EXERCISE MATERIALS START
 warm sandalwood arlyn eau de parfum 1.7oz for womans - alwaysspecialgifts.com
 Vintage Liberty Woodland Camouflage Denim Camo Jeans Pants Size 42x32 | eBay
EXERCISE MATERIALS END
EXERCISE MATERIALS START
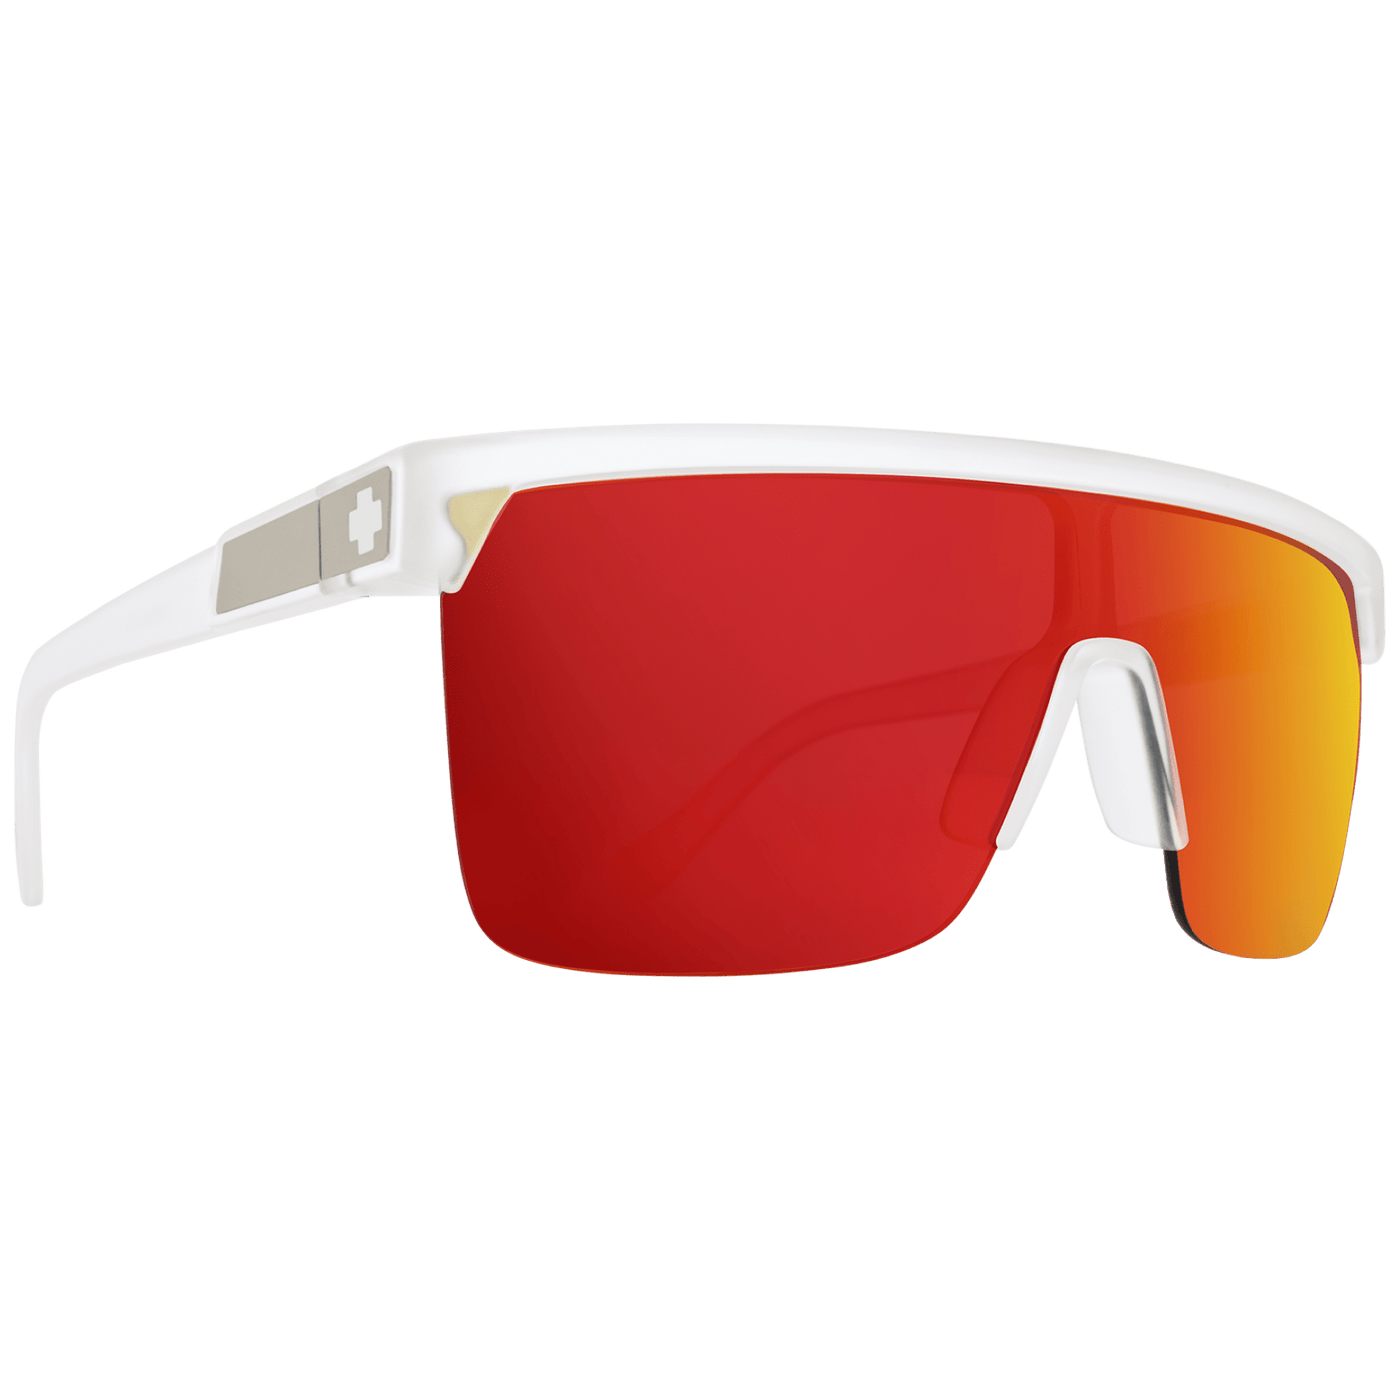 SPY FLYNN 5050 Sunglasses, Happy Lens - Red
EXERCISE MATERIALS END
--- TASK TO CARRY OUT ---
Reproduce only the lines above, starting at the line with "warm sandalwood arlyn" and ending at the line with "Vintage Liberty Woodland", exactly as written.

--- RESPONSE AREA ---
 warm sandalwood arlyn eau de parfum 1.7oz for womans - alwaysspecialgifts.com
 Vintage Liberty Woodland Camouflage Denim Camo Jeans Pants Size 42x32 | eBay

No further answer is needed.